[v2,45/67] target/arm: Implement SVE Memory Contiguous Store Group

Message ID 20180217182323.25885-46-richard.henderson@linaro.org
State New
Headers show
Series
  • target/arm: Scalable Vector Extension
Related show

Commit Message

Richard Henderson Feb. 17, 2018, 6:23 p.m.
Signed-off-by: Richard Henderson <richard.henderson@linaro.org>

---
 target/arm/helper-sve.h    |  29 +++++++
 target/arm/sve_helper.c    | 211 +++++++++++++++++++++++++++++++++++++++++++++
 target/arm/translate-sve.c |  68 ++++++++++++++-
 target/arm/sve.decode      |  38 ++++++++
 4 files changed, 343 insertions(+), 3 deletions(-)

-- 
2.14.3

Comments

Peter Maydell Feb. 27, 2018, 1:22 p.m. | #1
On 17 February 2018 at 18:23, Richard Henderson
<richard.henderson@linaro.org> wrote:
> Signed-off-by: Richard Henderson <richard.henderson@linaro.org>

> ---

>  target/arm/helper-sve.h    |  29 +++++++

>  target/arm/sve_helper.c    | 211 +++++++++++++++++++++++++++++++++++++++++++++

>  target/arm/translate-sve.c |  68 ++++++++++++++-

>  target/arm/sve.decode      |  38 ++++++++

>  4 files changed, 343 insertions(+), 3 deletions(-)

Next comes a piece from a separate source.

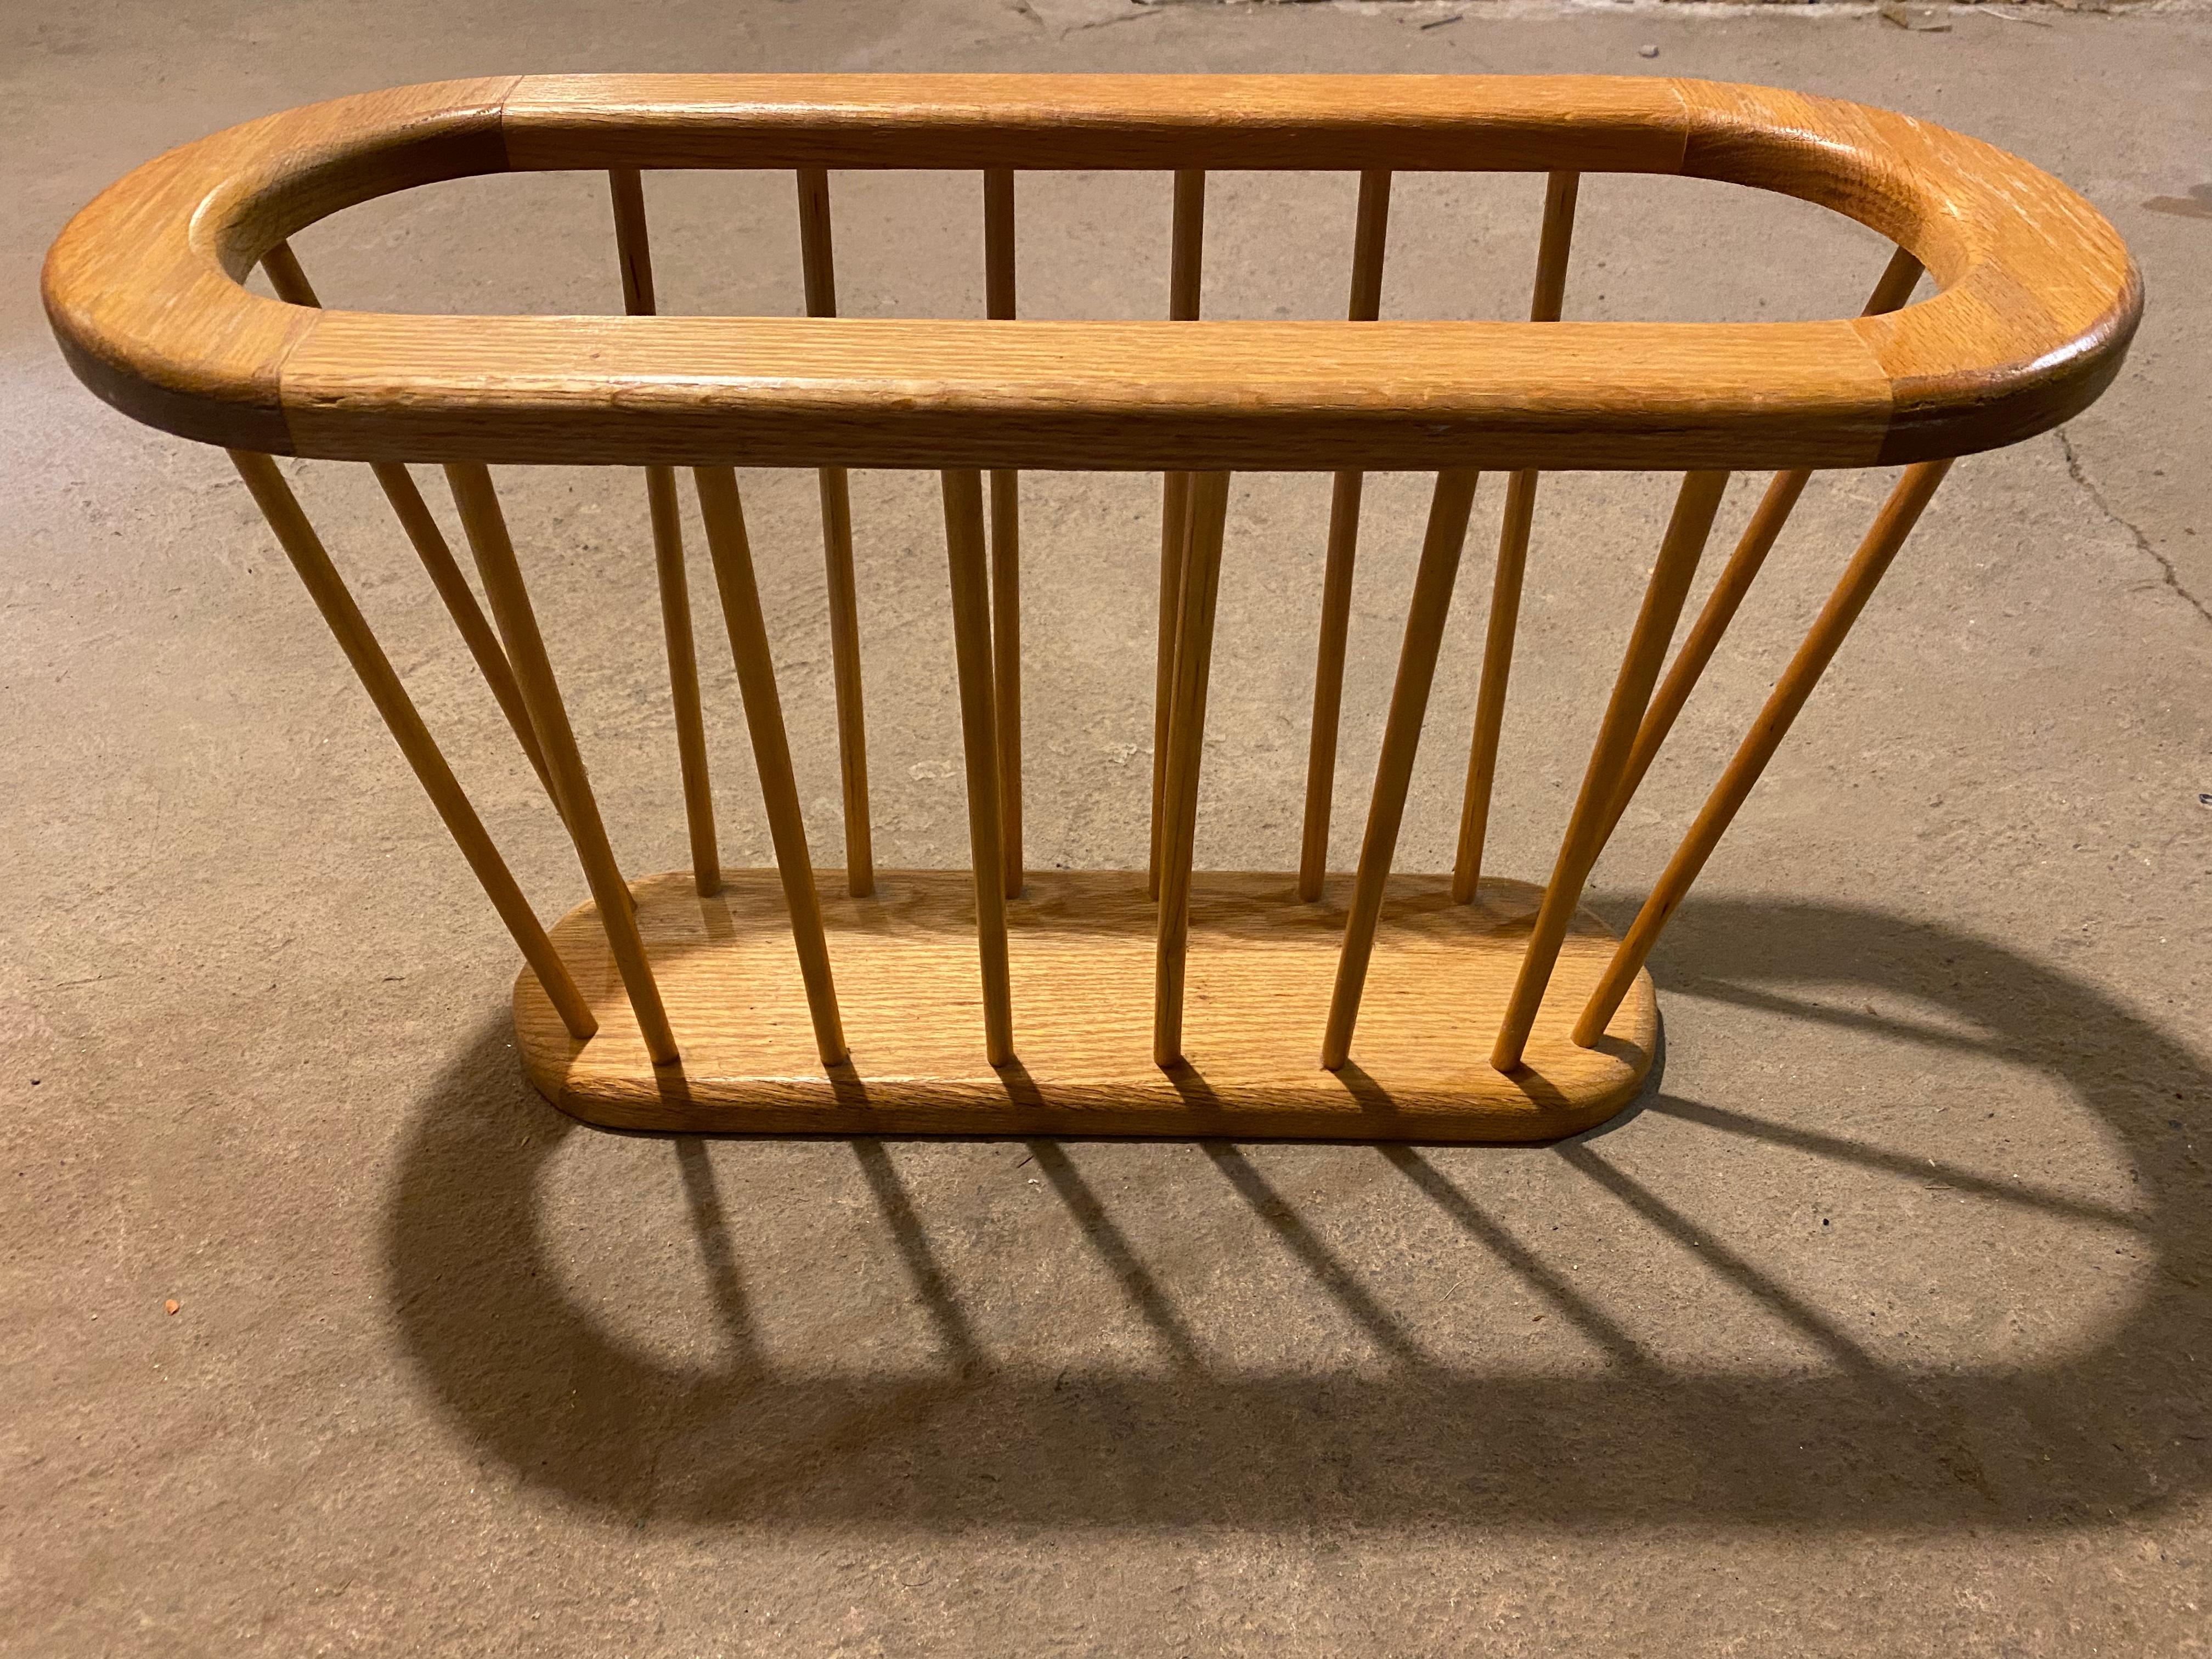 Mid-Century Modern Blonde magazine rack. Oval shape with spindles in mid-century style.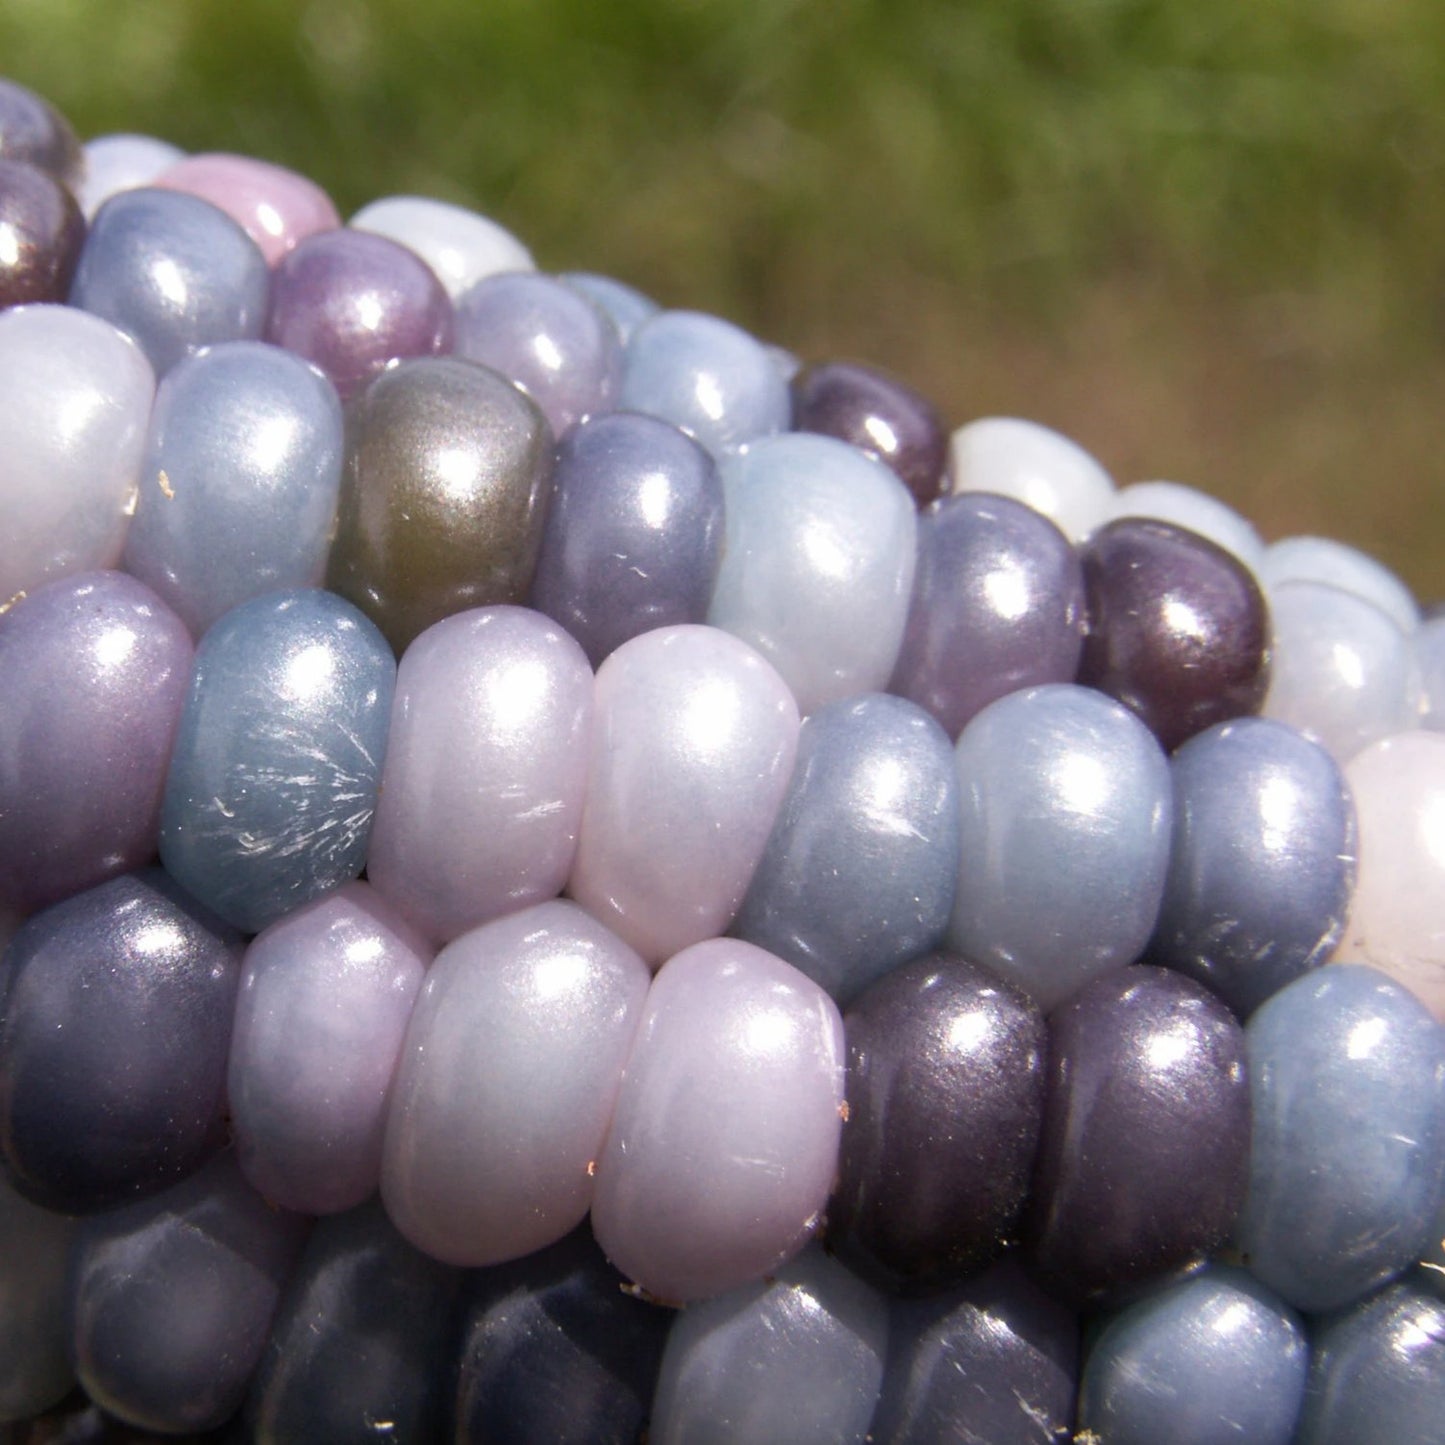 Glass Gem Corn Stock Photos and Pictures - 367 Images

> diff --git a/target/arm/translate-sve.c b/target/arm/translate-sve.c

> index aa8bfd2ae7..fda9a56fd5 100644

> --- a/target/arm/translate-sve.c

> +++ b/target/arm/translate-sve.c

> @@ -3320,7 +3320,6 @@ static void do_mem_zpa(DisasContext *s, int zt, int pg, TCGv_i64 addr,

>

>      tcg_temp_free_ptr(t_pg);

>      tcg_temp_free_i32(desc);

> -    tcg_temp_free_i64(addr);

>  }

>

>  static void do_ld_zpa(DisasContext *s, int zt, int pg,

> @@ -3368,7 +3367,7 @@ static void trans_LD_zprr(DisasContext *s, arg_rprr_load *a, uint32_t insn)

>          return;

>      }

>

> -    addr = tcg_temp_new_i64();

> +    addr = new_tmp_a64(s);

>      tcg_gen_muli_i64(addr, cpu_reg(s, a->rm),

>                       (a->nreg + 1) << dtype_msz(a->dtype));

>      tcg_gen_add_i64(addr, addr, cpu_reg_sp(s, a->rn));

> @@ -3379,7 +3378,7 @@ static void trans_LD_zpri(DisasContext *s, arg_rpri_load *a, uint32_t insn)

>  {

>      unsigned vsz = vec_full_reg_size(s);

>      unsigned elements = vsz >> dtype_esz[a->dtype];

> -    TCGv_i64 addr = tcg_temp_new_i64();

> +    TCGv_i64 addr = new_tmp_a64(s);

>

>      tcg_gen_addi_i64(addr, cpu_reg_sp(s, a->rn),

>                       (a->imm * elements * (a->nreg + 1))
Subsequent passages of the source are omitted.